*About this exercise*.
Can the lines below, from the one that holds "Indus Velvet fabric" to the very end, be echoed exactly, with both ends included and no pictures?

-- Information supplied follows --

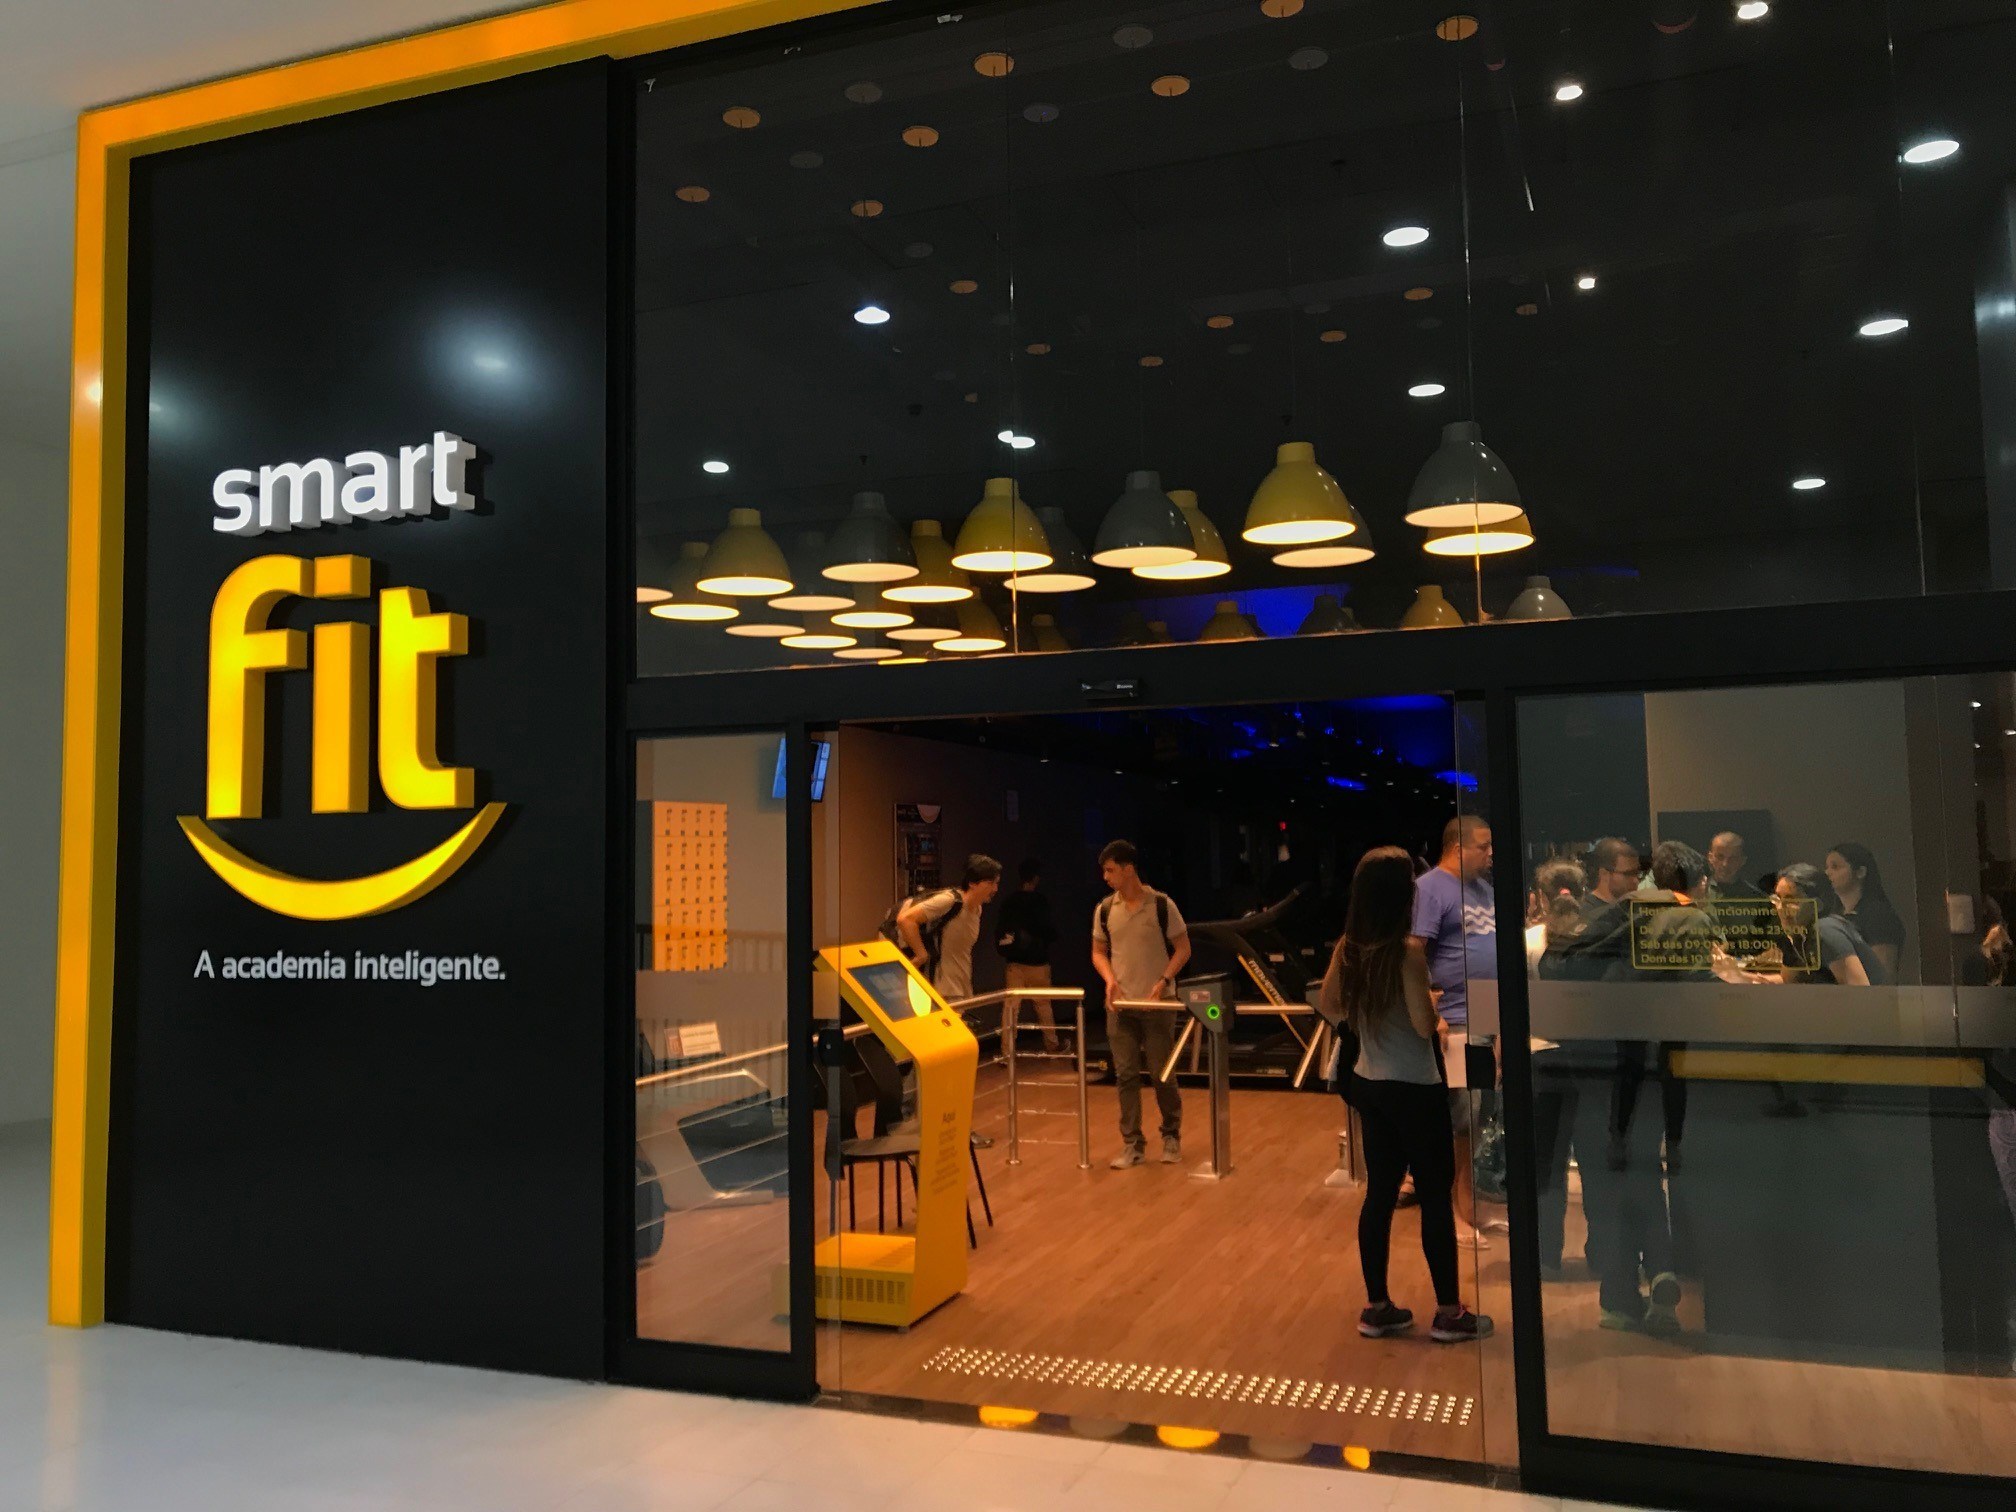 Smart Fit deve inaugurar unidade em Sinop no 2º semestre 17
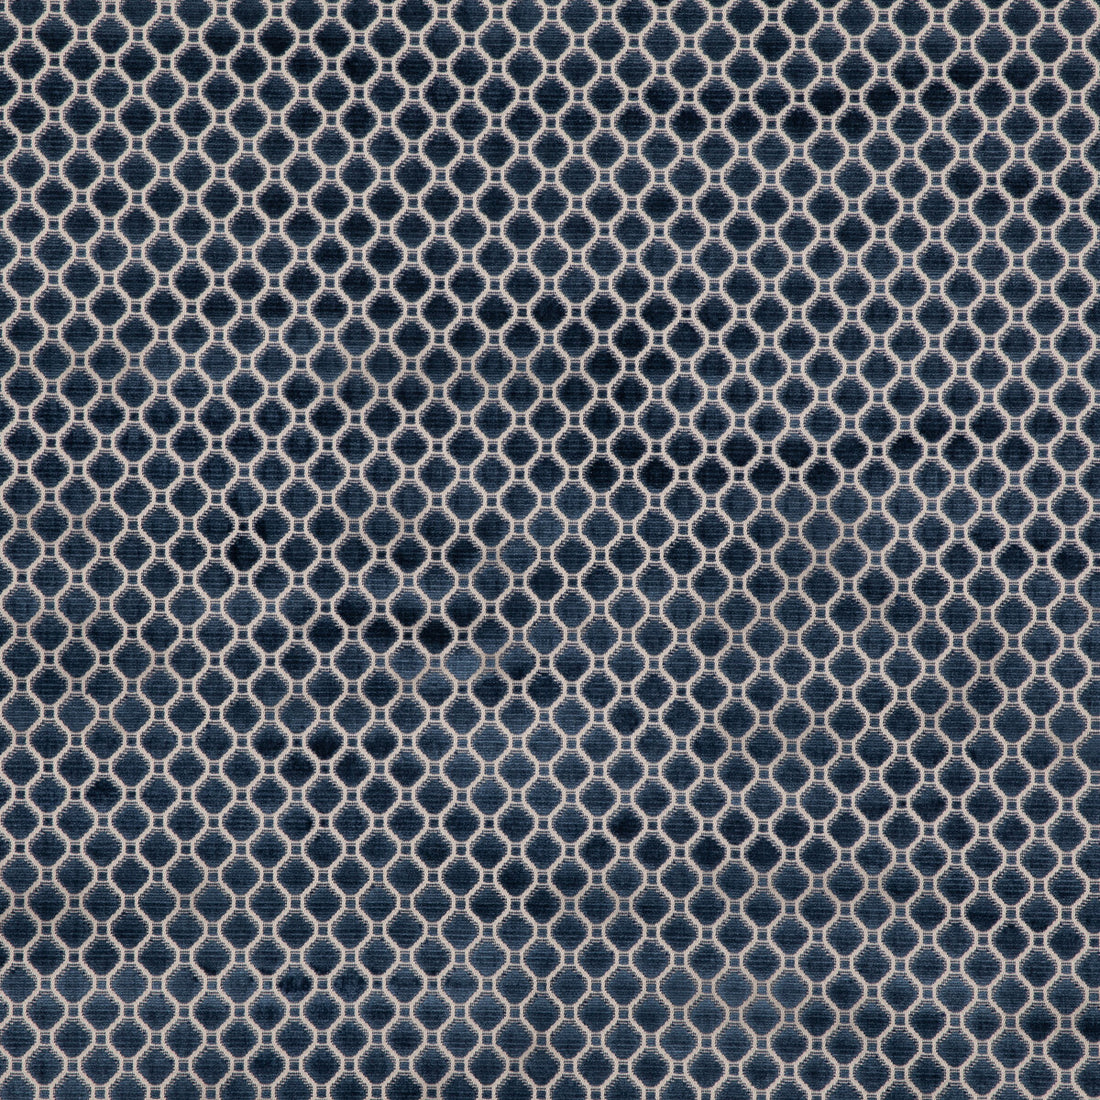 Indus Velvet fabric in indigo color - pattern BF10826.680.0 - by G P &amp; J Baker in the Coromandel Velvets collection
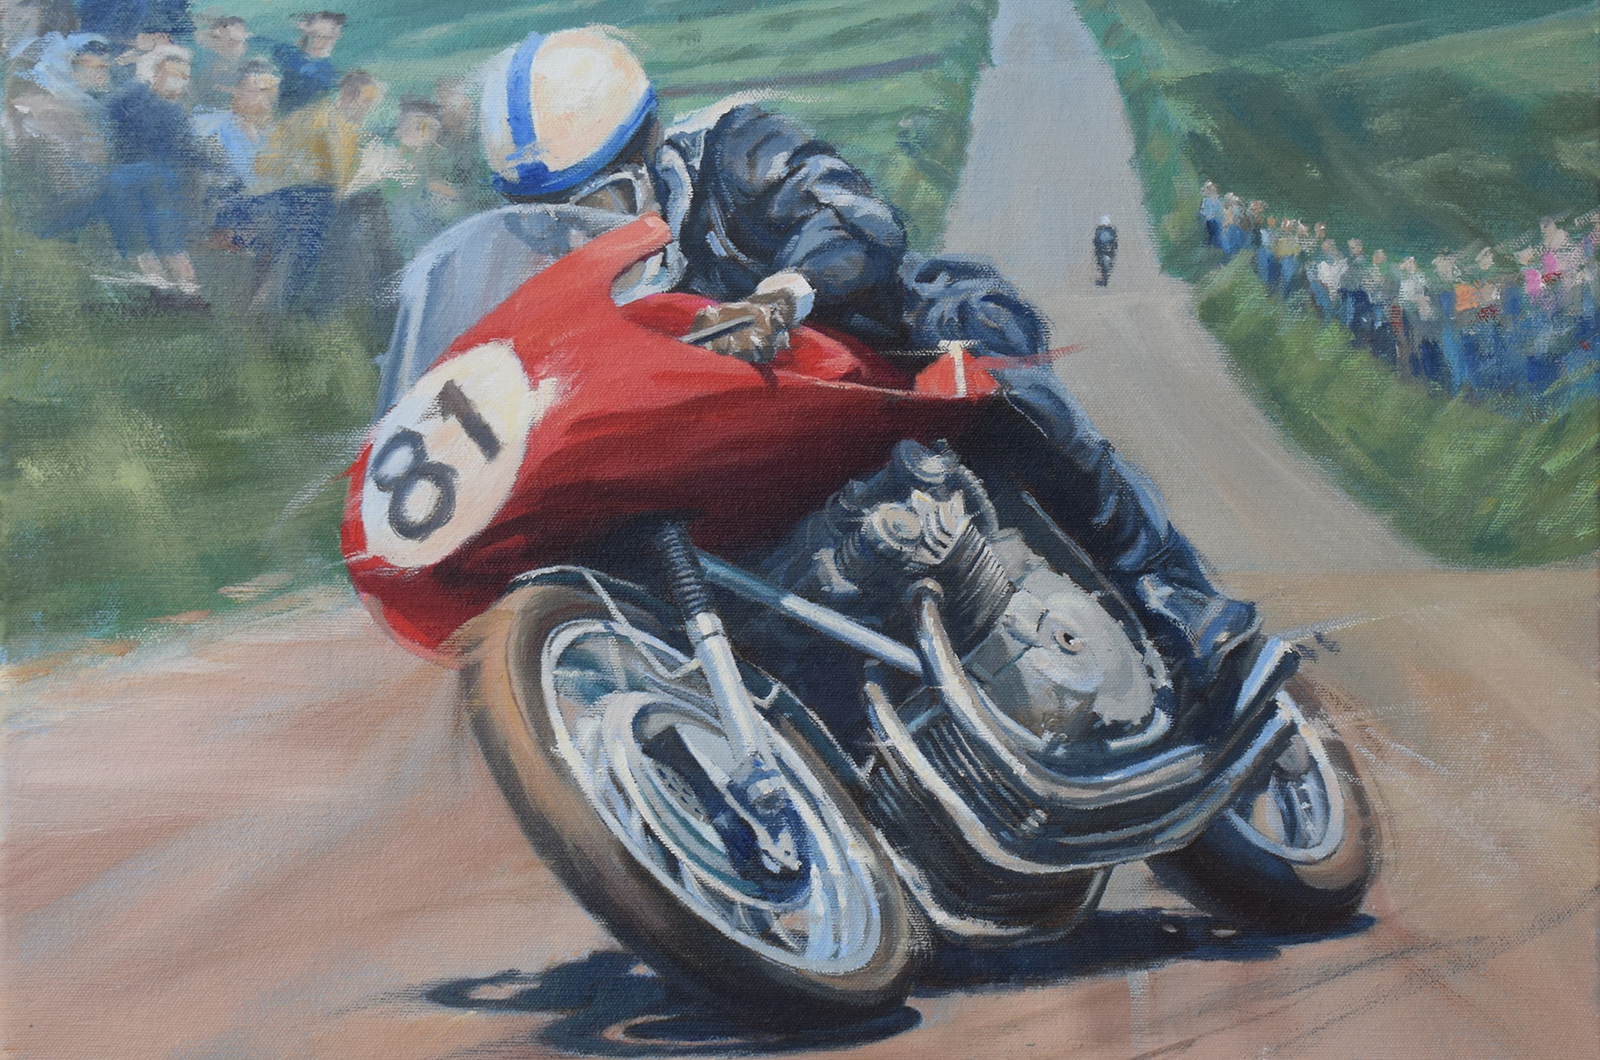 Classic & Sports Car – Motoring art: Stuart Booth

-- Information supplied concluded --

*Task result*.
 Indus Velvet fabric in indigo color - pattern BF10826.680.0 - by G P &amp; J Baker in the Coromandel Velvets collection
 Classic & Sports Car – Motoring art: Stuart Booth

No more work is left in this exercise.